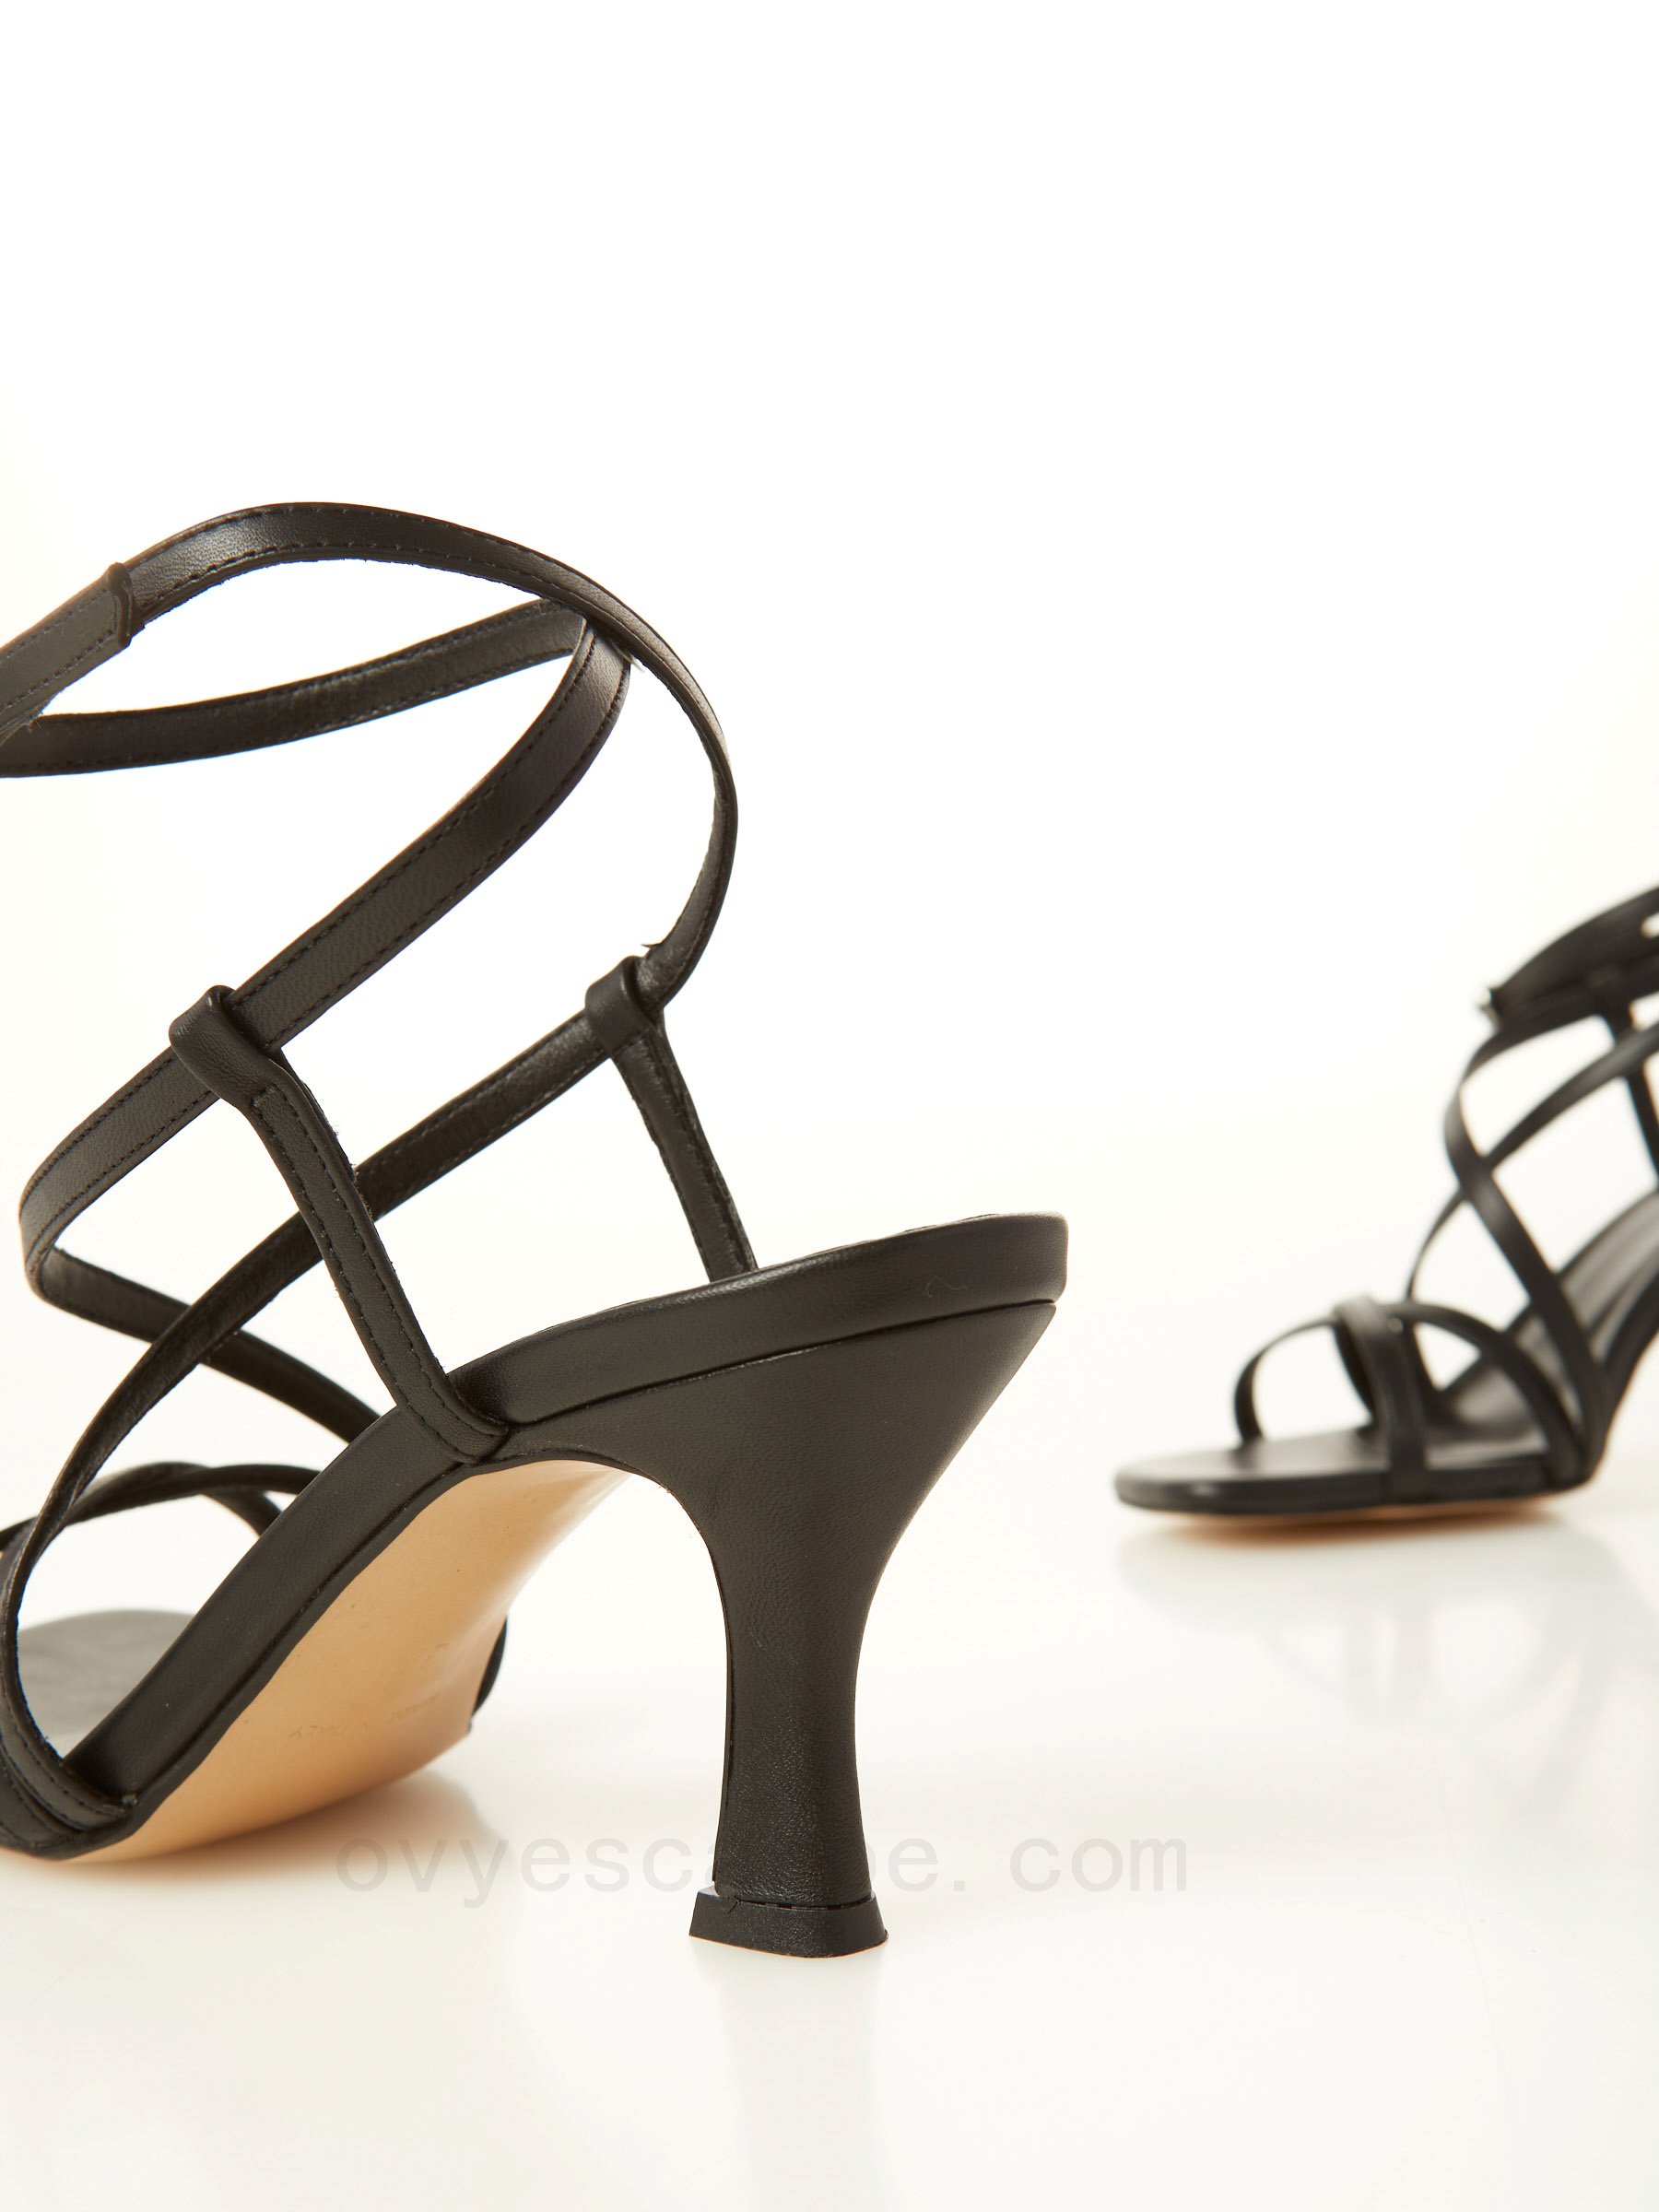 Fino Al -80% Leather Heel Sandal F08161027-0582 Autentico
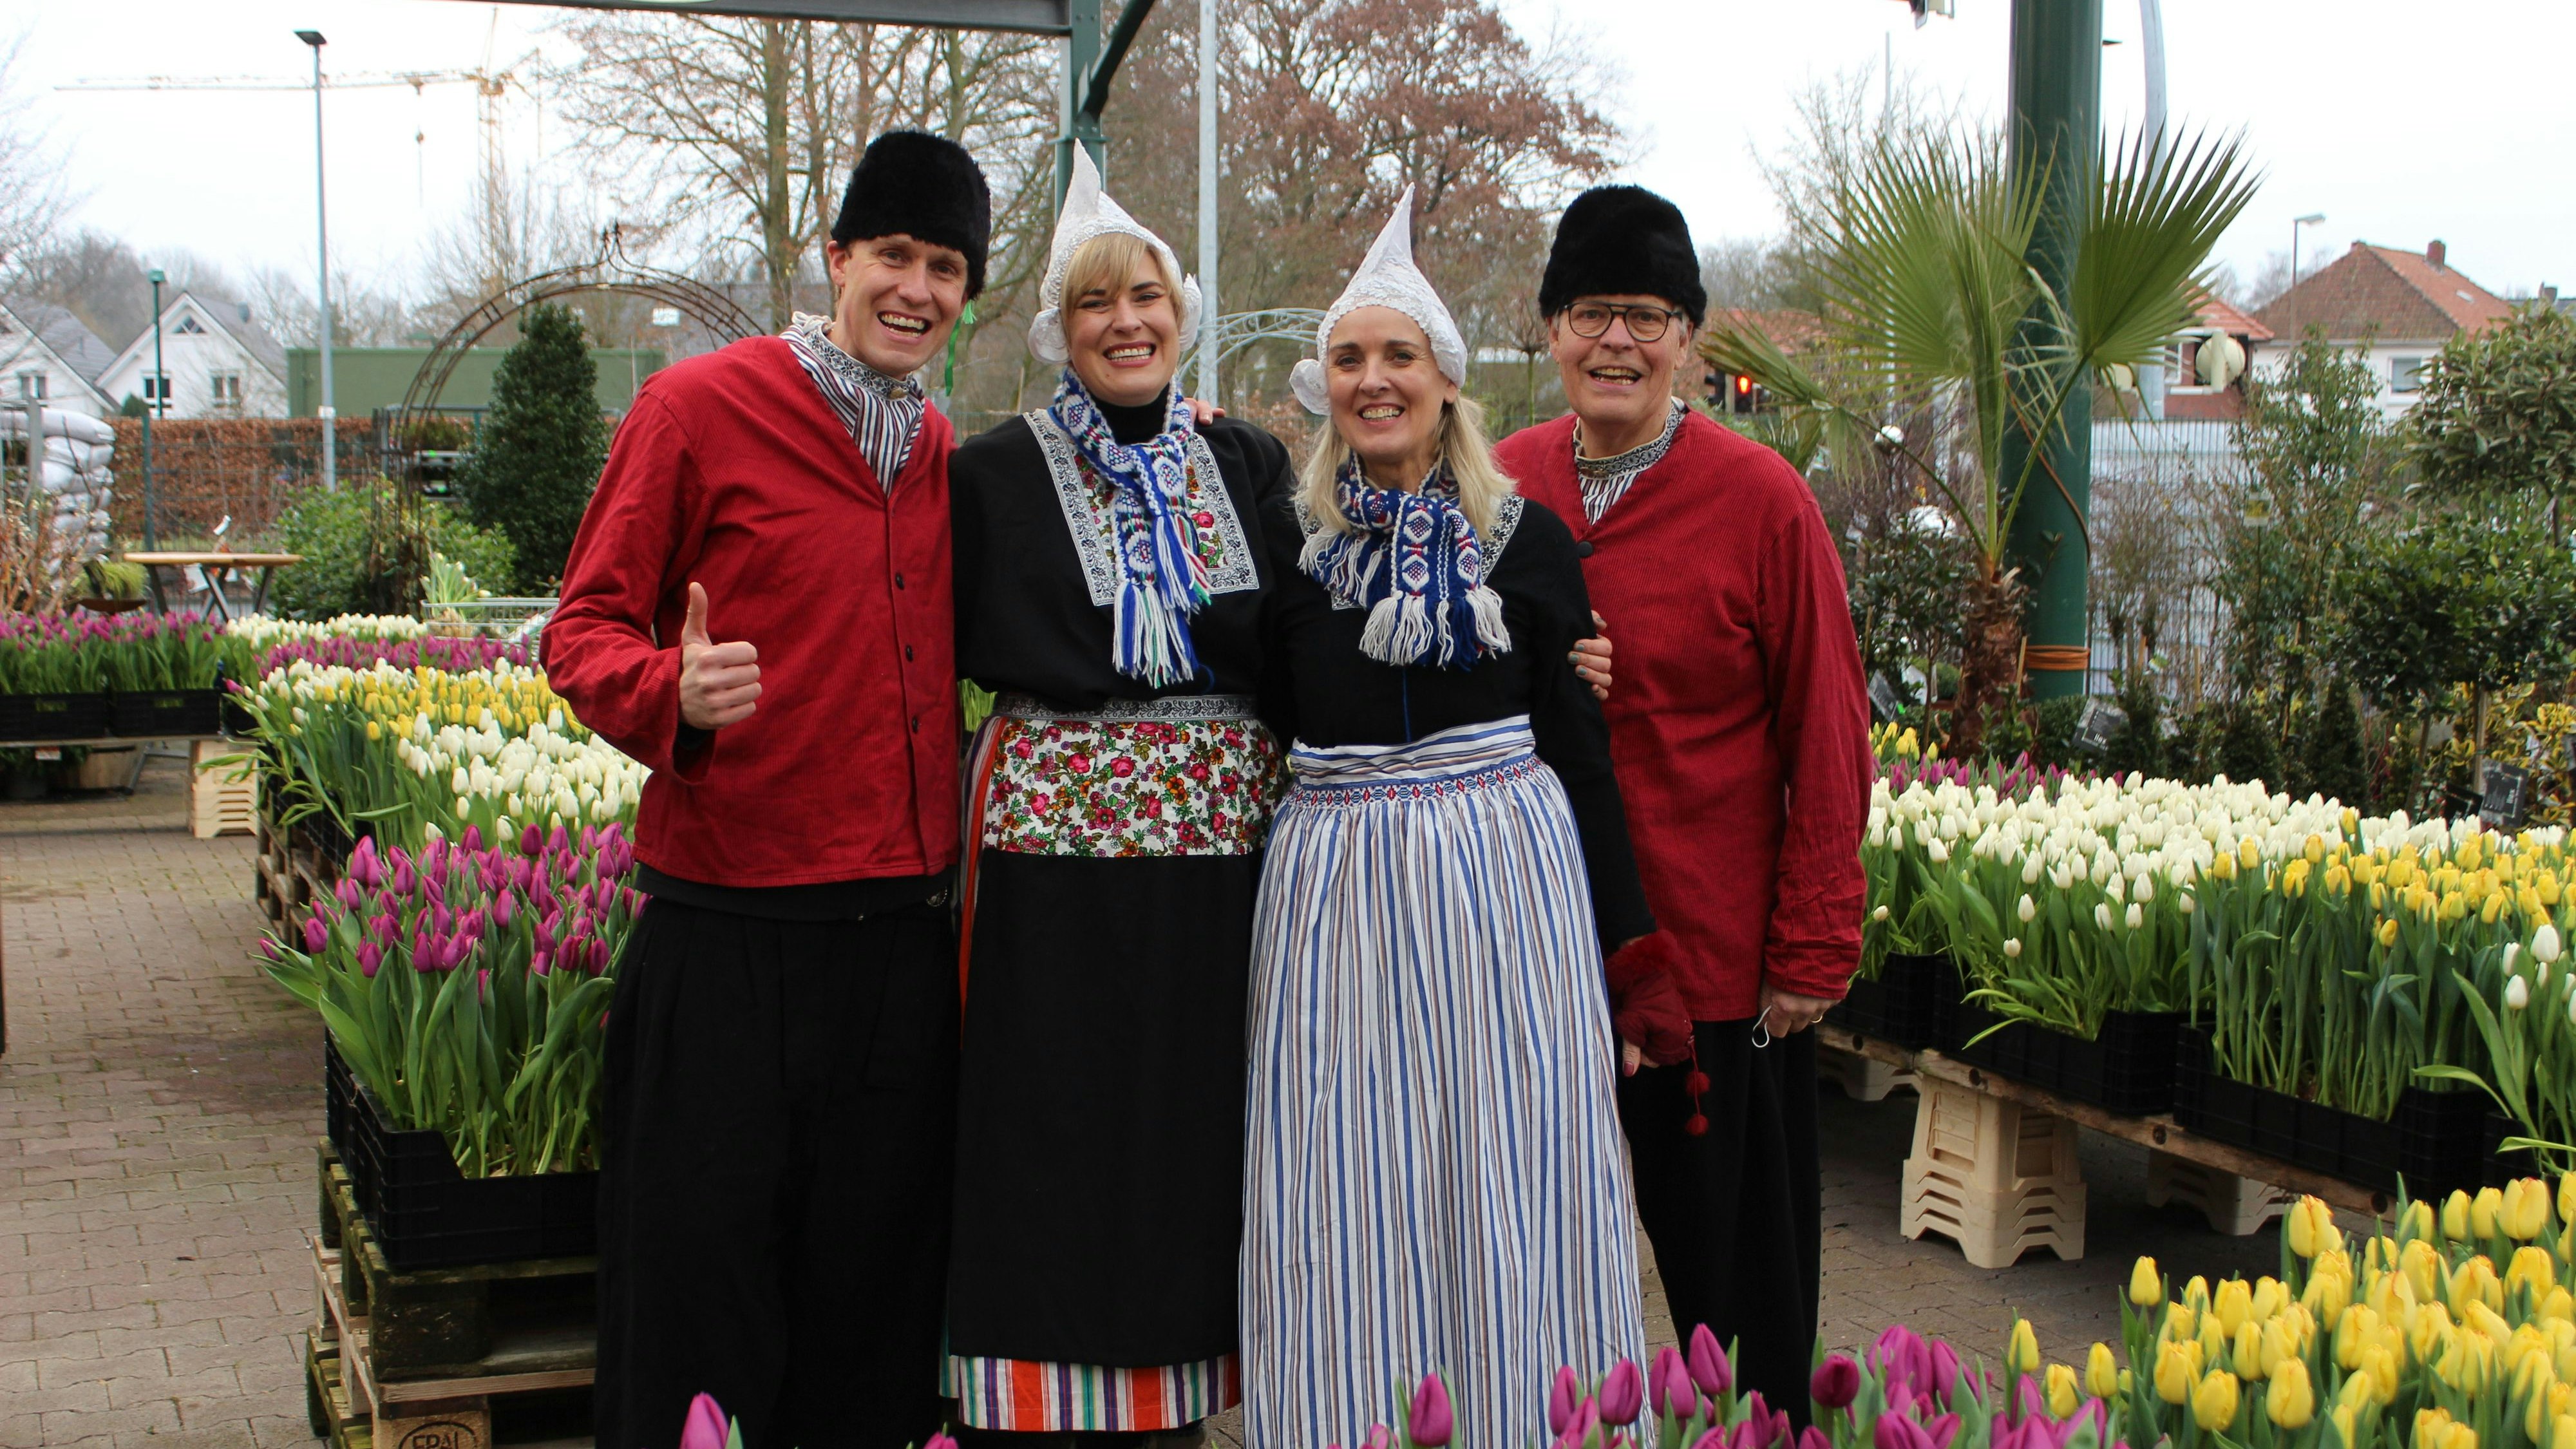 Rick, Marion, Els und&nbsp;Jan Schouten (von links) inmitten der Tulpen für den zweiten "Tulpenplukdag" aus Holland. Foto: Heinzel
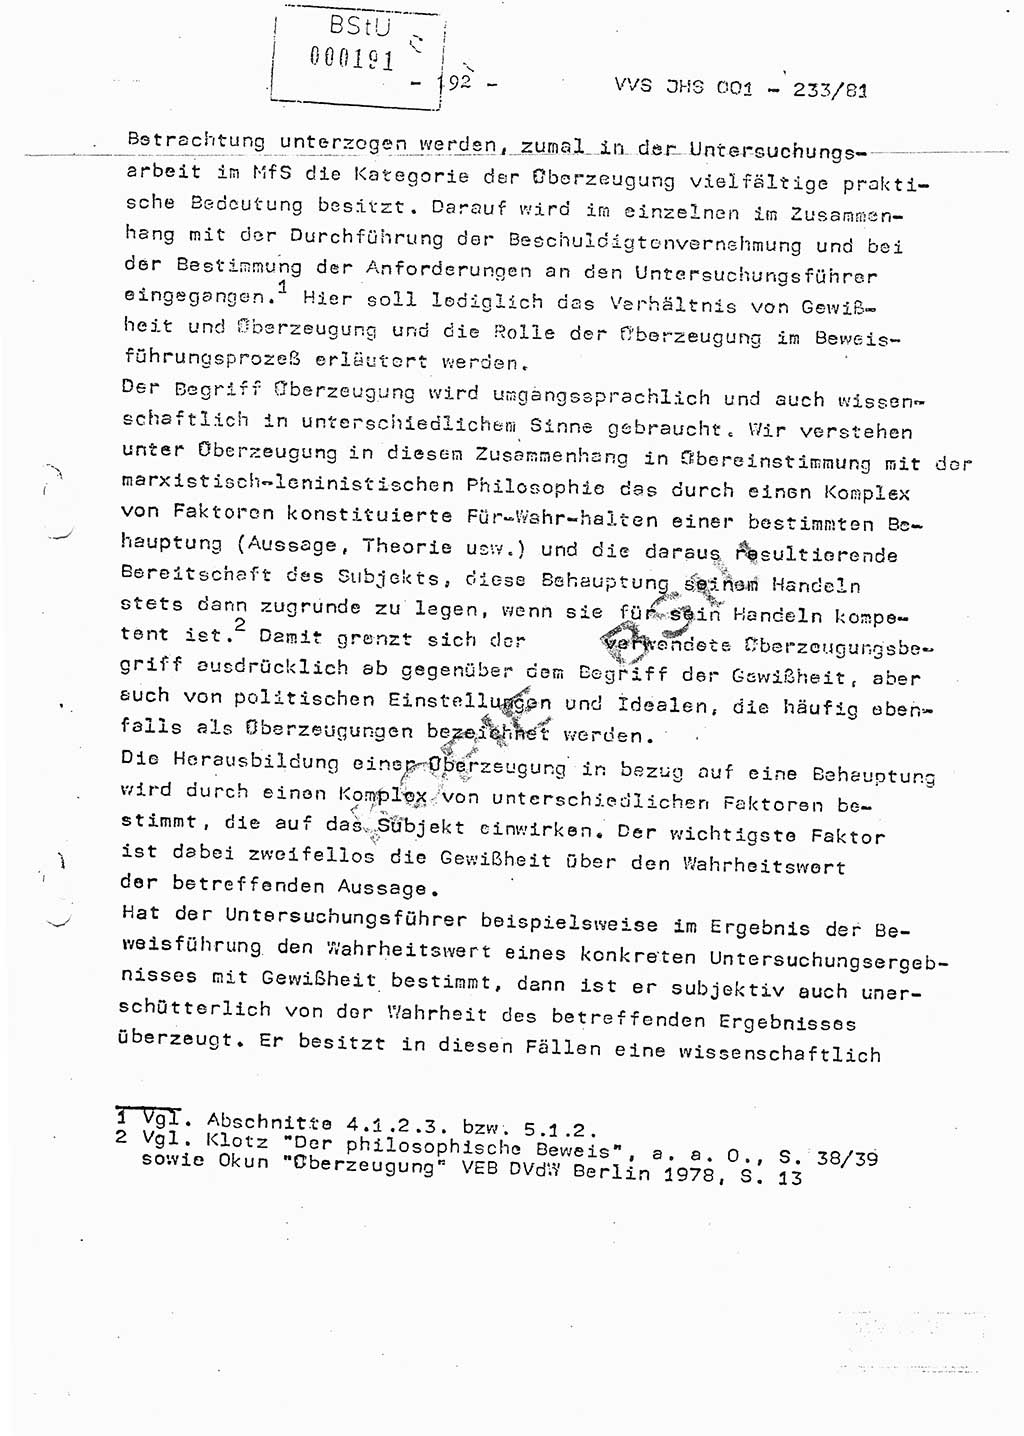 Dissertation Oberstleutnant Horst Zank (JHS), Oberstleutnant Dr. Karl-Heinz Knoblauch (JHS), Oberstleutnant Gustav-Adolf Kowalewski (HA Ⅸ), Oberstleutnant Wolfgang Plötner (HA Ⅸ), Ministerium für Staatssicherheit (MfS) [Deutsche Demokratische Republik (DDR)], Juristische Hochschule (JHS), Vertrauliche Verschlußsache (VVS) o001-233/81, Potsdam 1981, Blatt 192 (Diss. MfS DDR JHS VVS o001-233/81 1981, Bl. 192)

Problem details - Print the data above from its first line through the line that has "Rick, Marion, Els", exactly and with nothing else, omitting pictures.

Response to the task -
 Fino Al -80% Leather Heel Sandal F08161027-0582 Autentico
 Rick, Marion, Els und&nbsp;Jan Schouten (von links) inmitten der Tulpen für den zweiten "Tulpenplukdag" aus Holland. Foto: Heinzel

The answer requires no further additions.